All of the data that follows is to be written out exactly, with images excluded.
Data segment START
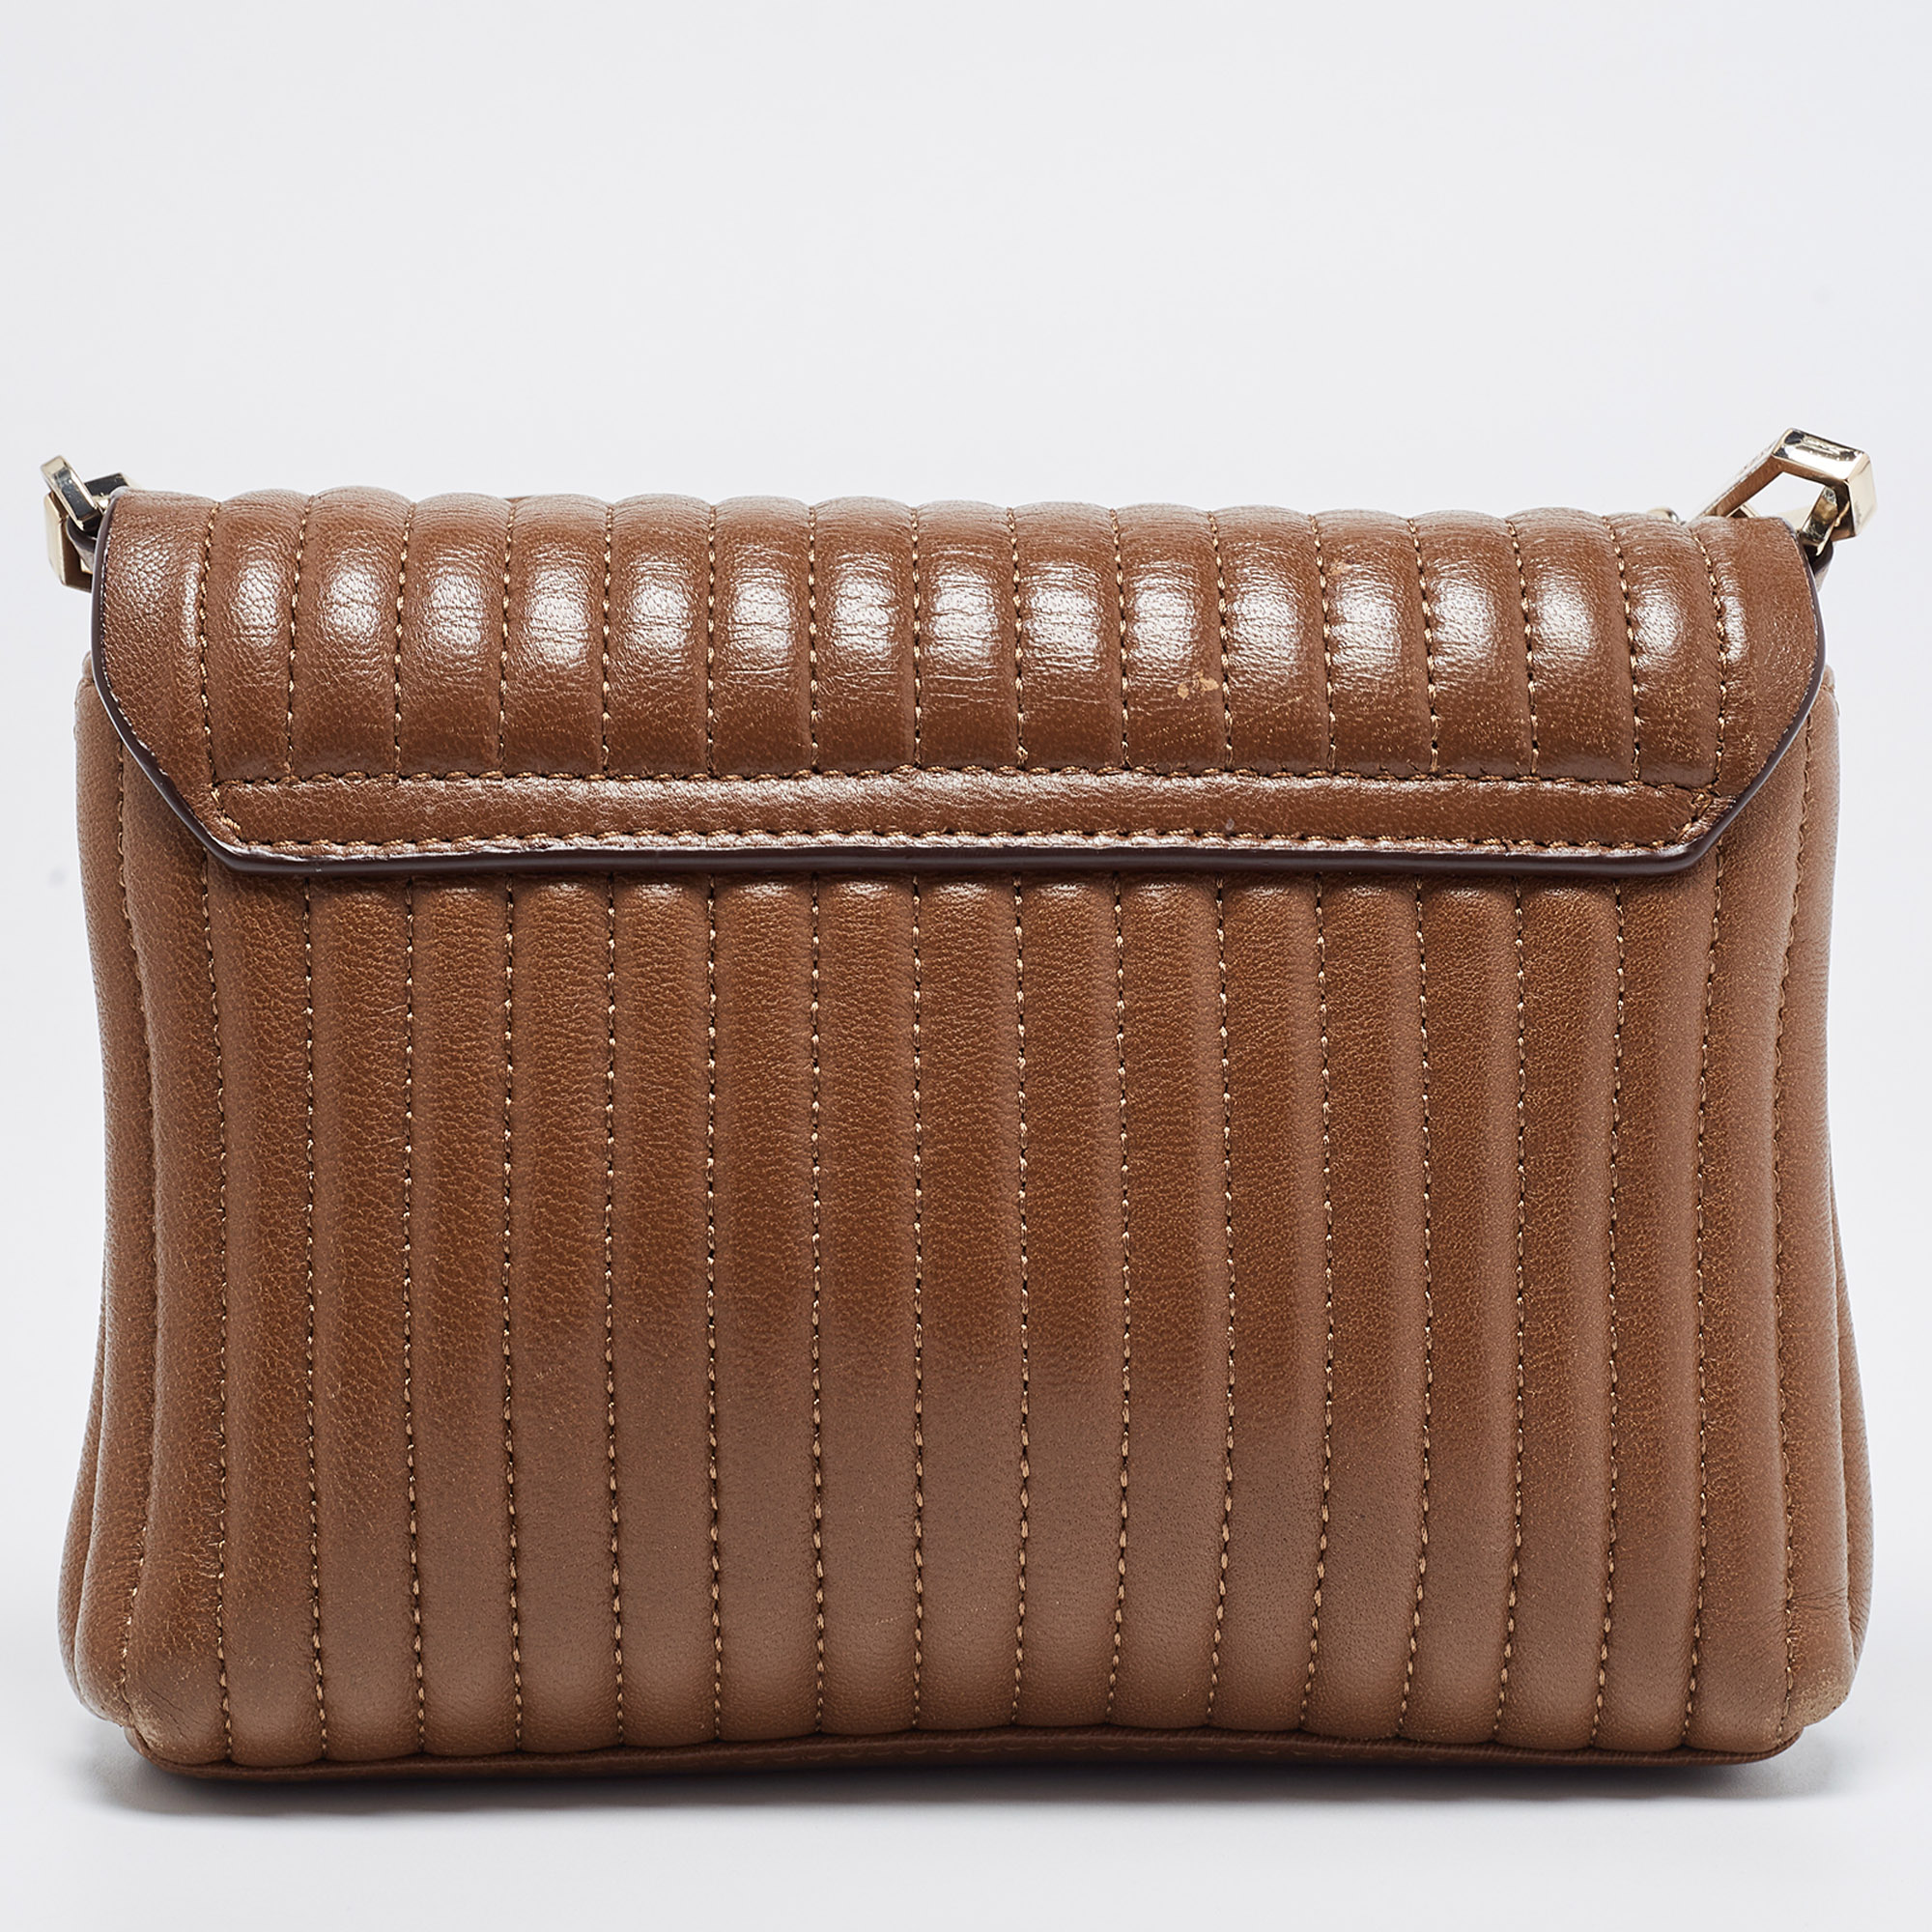 DKNY Brown Pinstripe Quilted Leather Gansevoort Flap Shoulder Bag
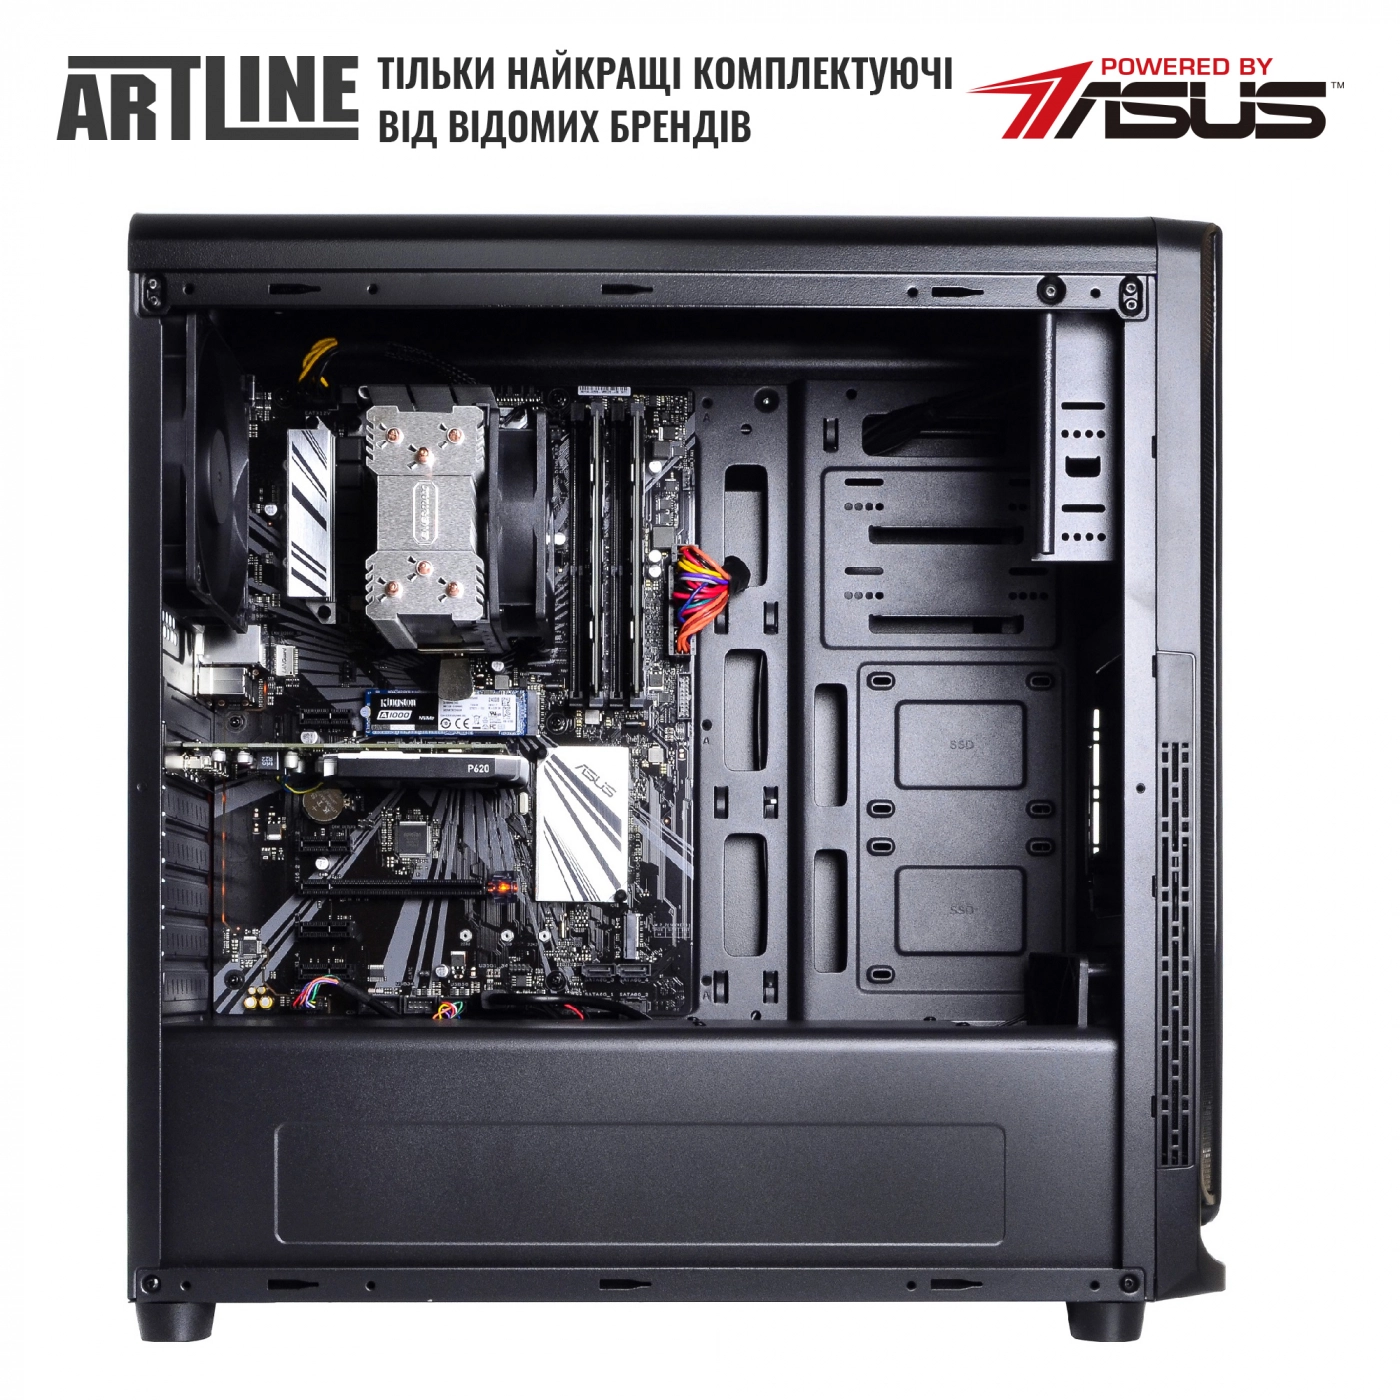 Купити Сервер ARTLINE Business T25v19 - фото 5
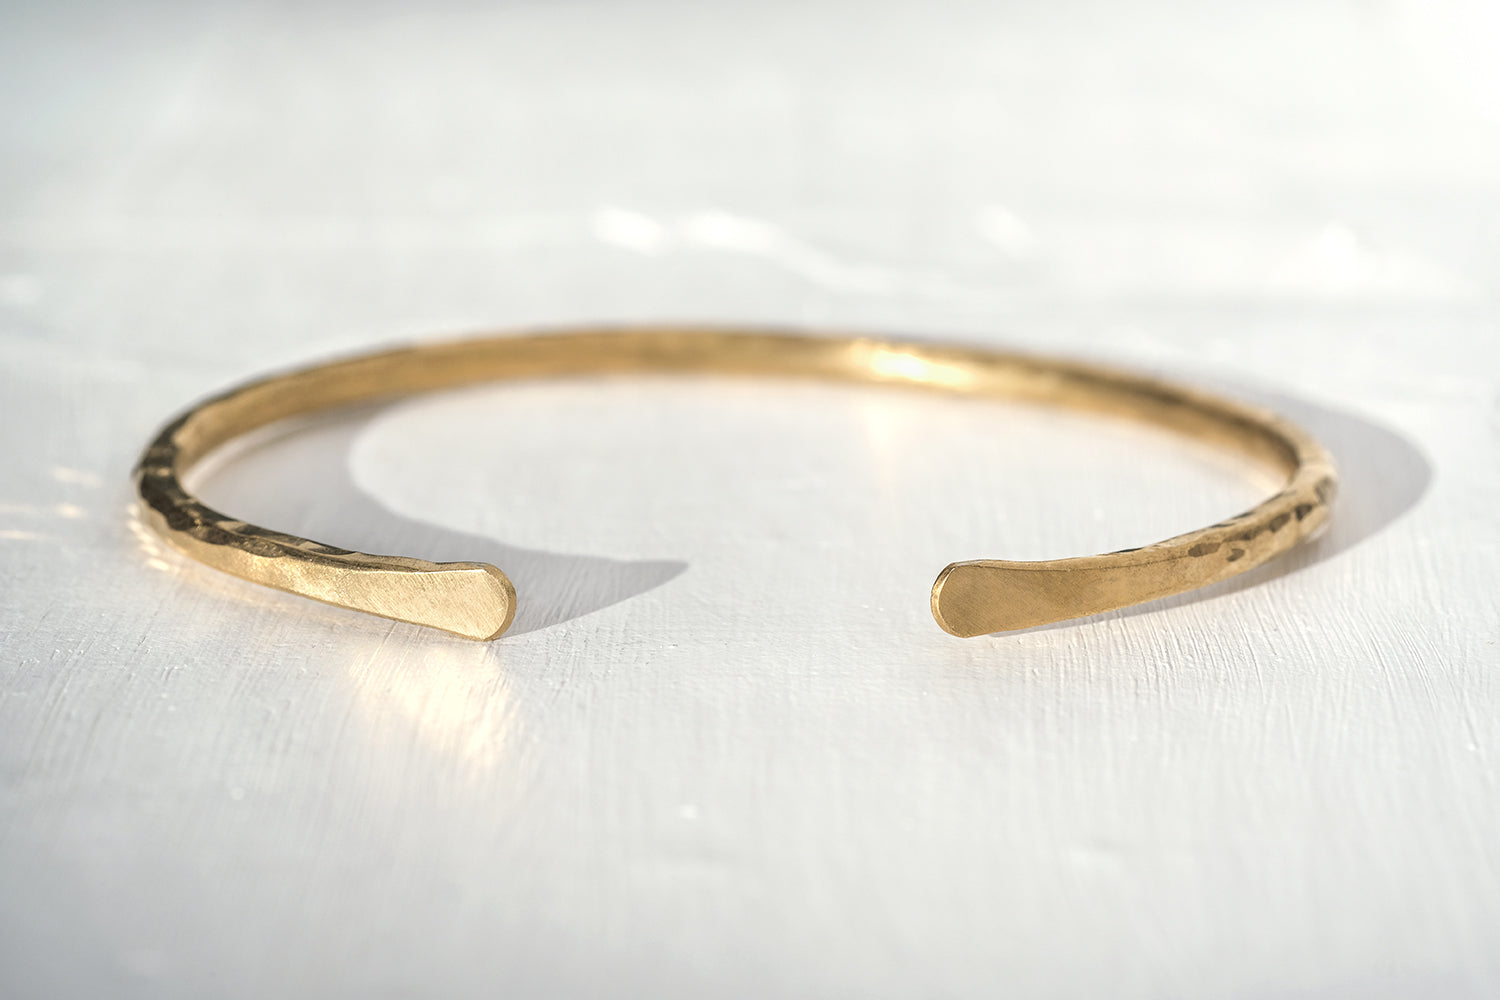 Gold Bracelet For Men - Thin and Hammered
Data segment END
| Exercise response |
 DKNY Brown Pinstripe Quilted Leather Gansevoort Flap Shoulder Bag
 Купити Сервер ARTLINE Business T25v19 - фото 5
 Gold Bracelet For Men - Thin and Hammered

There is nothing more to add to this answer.